Vigdís Stál naquit à l'âge de 18 ans sans aucun souvenir de sa vie jusqu'à ce jour où elle ouvrit les yeux dans une pièce sombre, seulement éclairée par des chandelles par endroits. Parfois, en dormant, elle rêvait de bribes d'instants passés, mais jamais rien de concret qui eût pu l'amener à assembler les pièces d'un puzzle qui, de toute façon, ne l'intéressait pas. Sanglée à une table, une perfusion sanguine plongée dans les veines, Vigdís patientait en examinant les symboles étranges et occultes gravés dans les pierres des murs autour d'elle.
Un homme moustachu vint lui rendre visite. Il lui annonça qu'elle s'appelait Vigdís Stál, et qu'un destin glorieux l'attendait, mais que pour y accéder, elle devrait devenir un être supérieur à tous les autres.

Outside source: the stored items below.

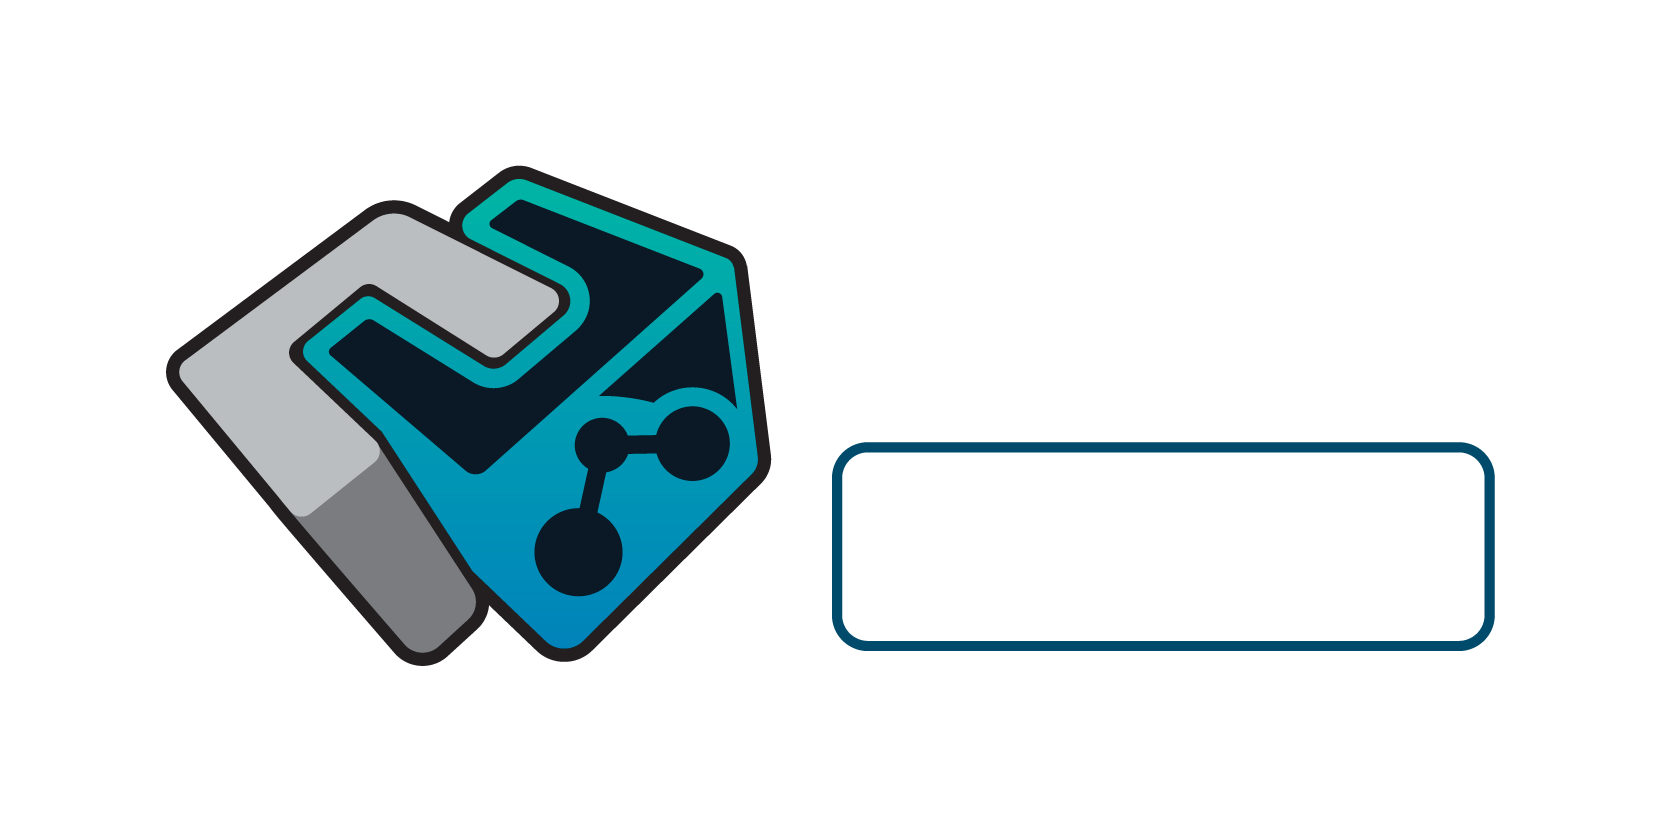 logo_vts_perform.png (61 KB)
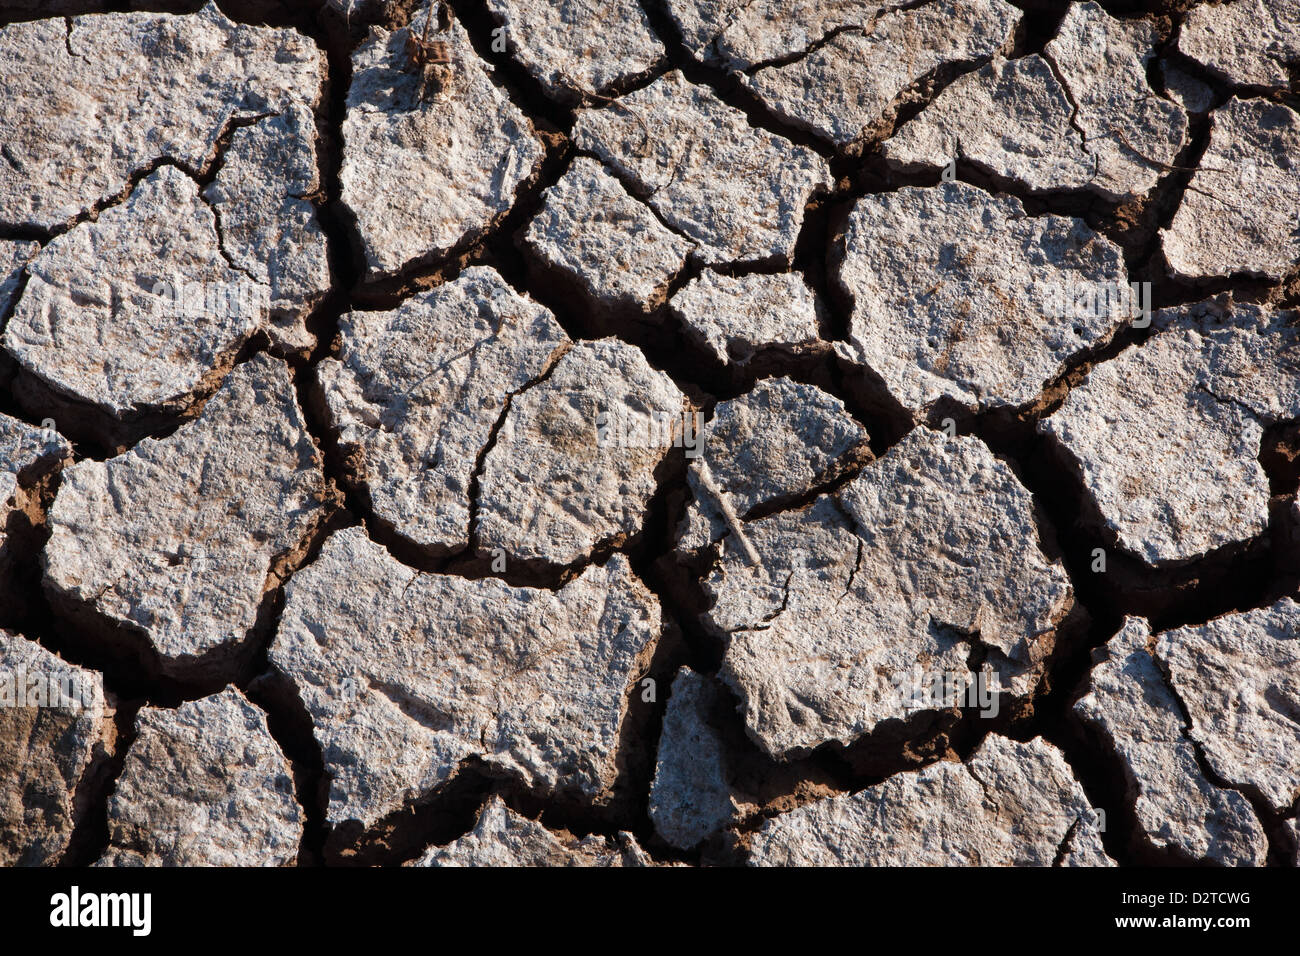 Cracked earth in Sarigua national park (desert), Herrera province, Republic of Panama. Stock Photo
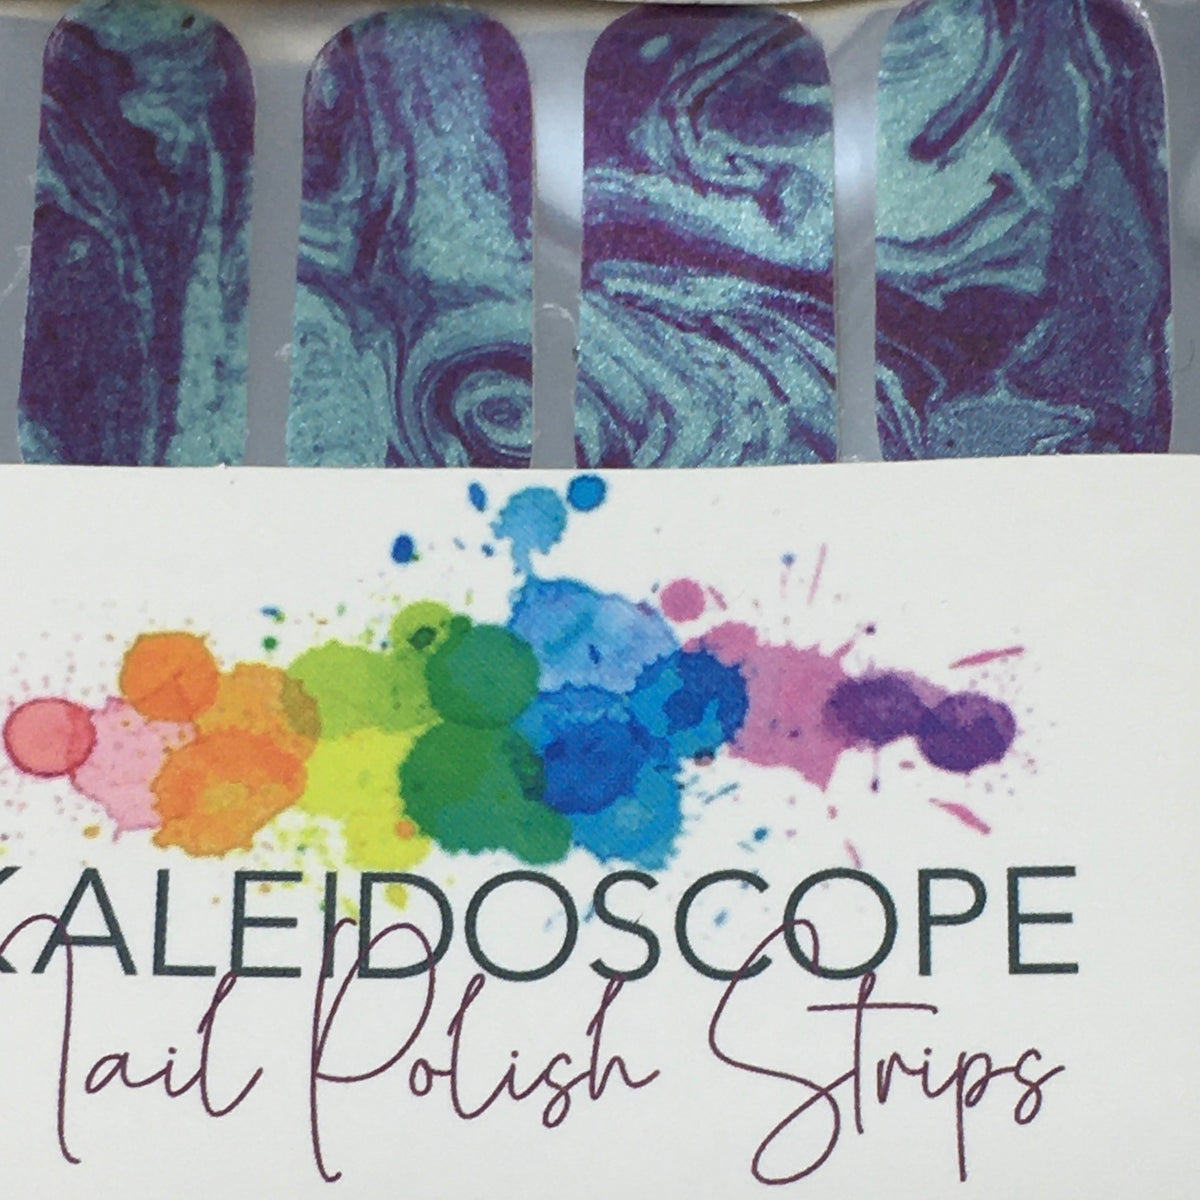 Kaleidoscope Nail Strip Everyday Collection
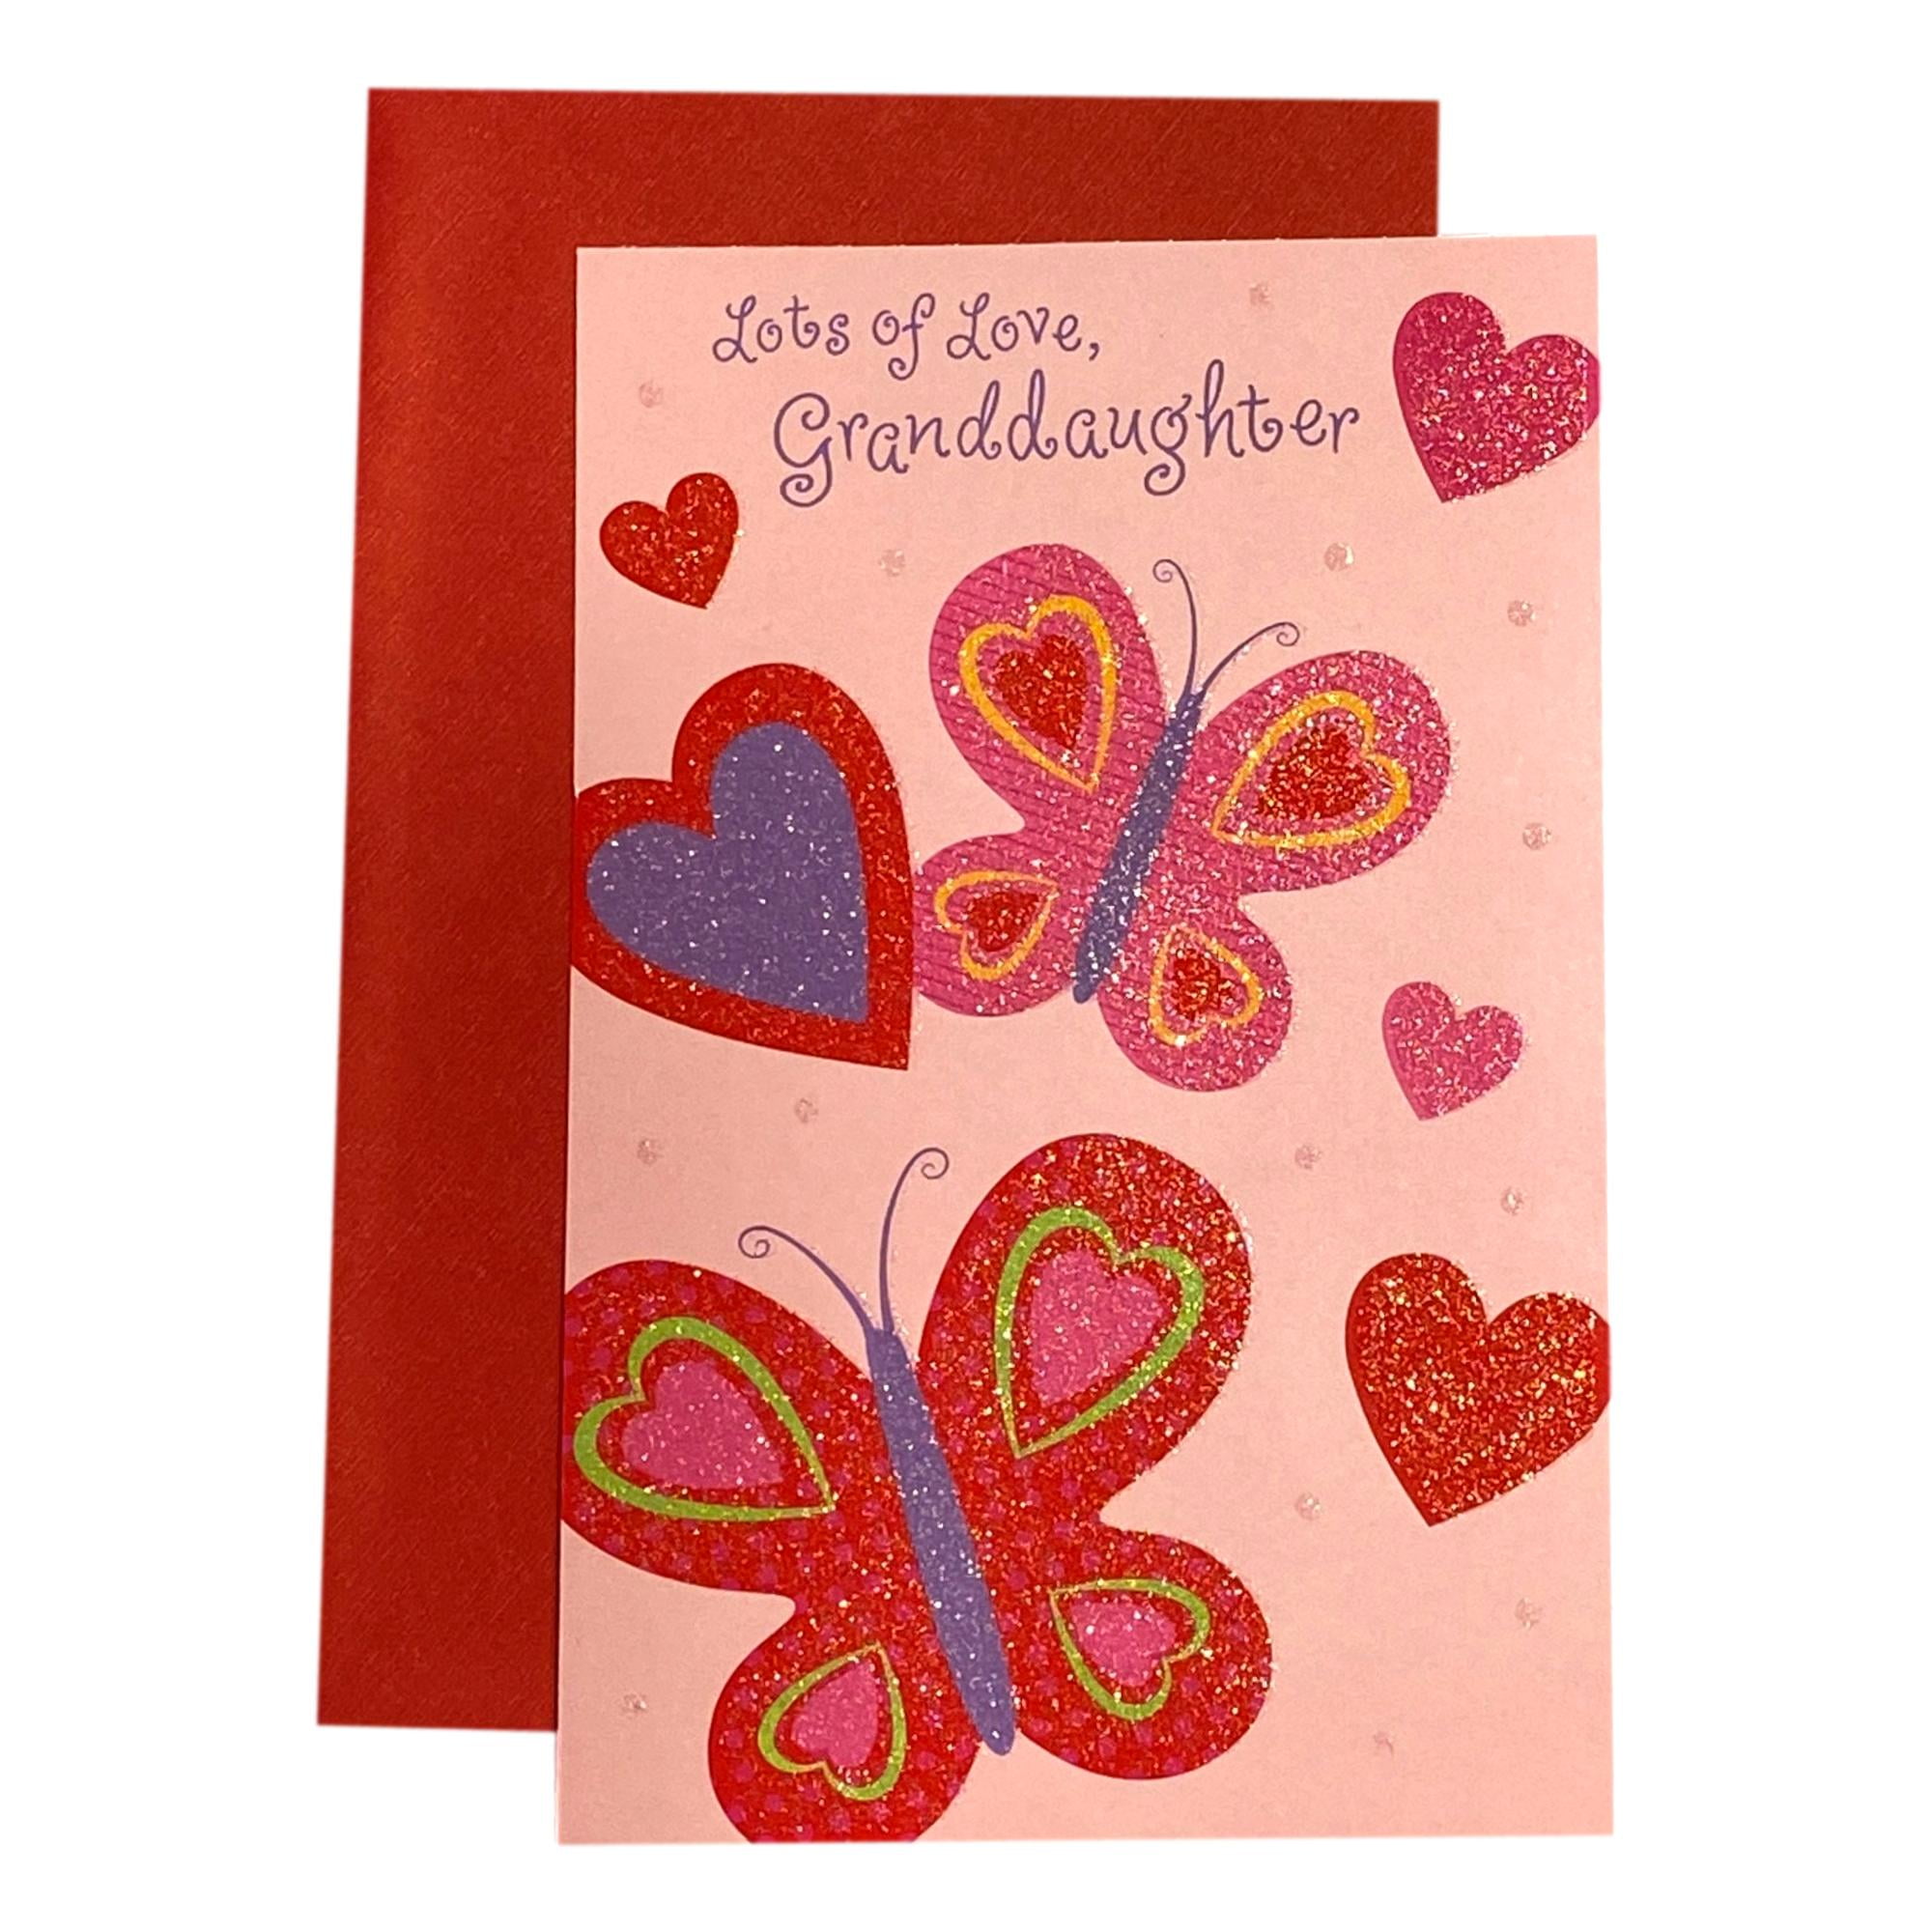 Details about   Hallmark Valentine's Day Card with envelope New Granddaughter  DAYSPRING 
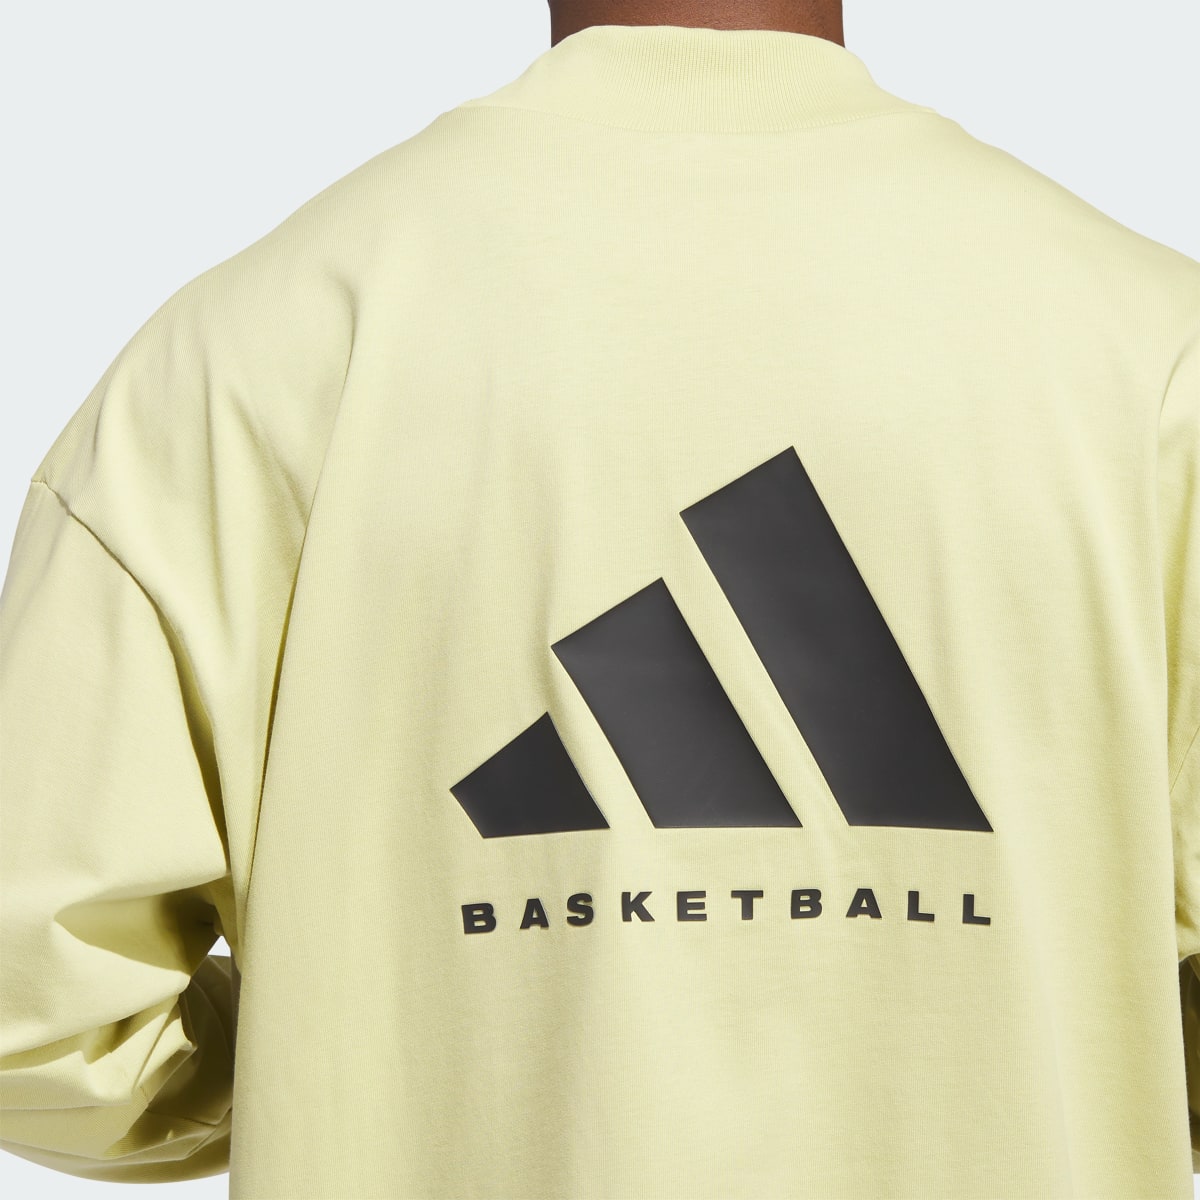 Adidas Basketball Long Sleeve Long-Sleeve Top. 7

L'inconnu lui détailla le monde qui les entourait durant des heures, lui expliquant qu'en dehors de cette salle des monstres couraient librement le monde, pillant et tuant, et se regroupaient dans des villes où se concentraient leurs espèces. Jadis, il existait un collectif pour les combattre, mais depuis la mort de leur chef, le groupe s'était dispersé. Il était du devoir de Vigdís de protéger les plus faibles et d'imposer à nouveau l'ordre à ce chaos devenu quotidien. D'une manière ou d'une autre, Vigdís crut à ces histoires à dormir debout, mais elle suspecta toujours que la perfusion plantée dans son avant-bras n'était pas étrangère à sa crédulité. Quand elle s'enquit de sa vie passée et de ses souvenirs évaporés, tout ce que l'homme lui répondit fut qu'elle avait été choisie parmi des dizaines d'autres candidats et candidates pour incarner le renouveau. Le renouveau de quoi ? Le renouveau de qui ? Ses questions restèrent sans réponses.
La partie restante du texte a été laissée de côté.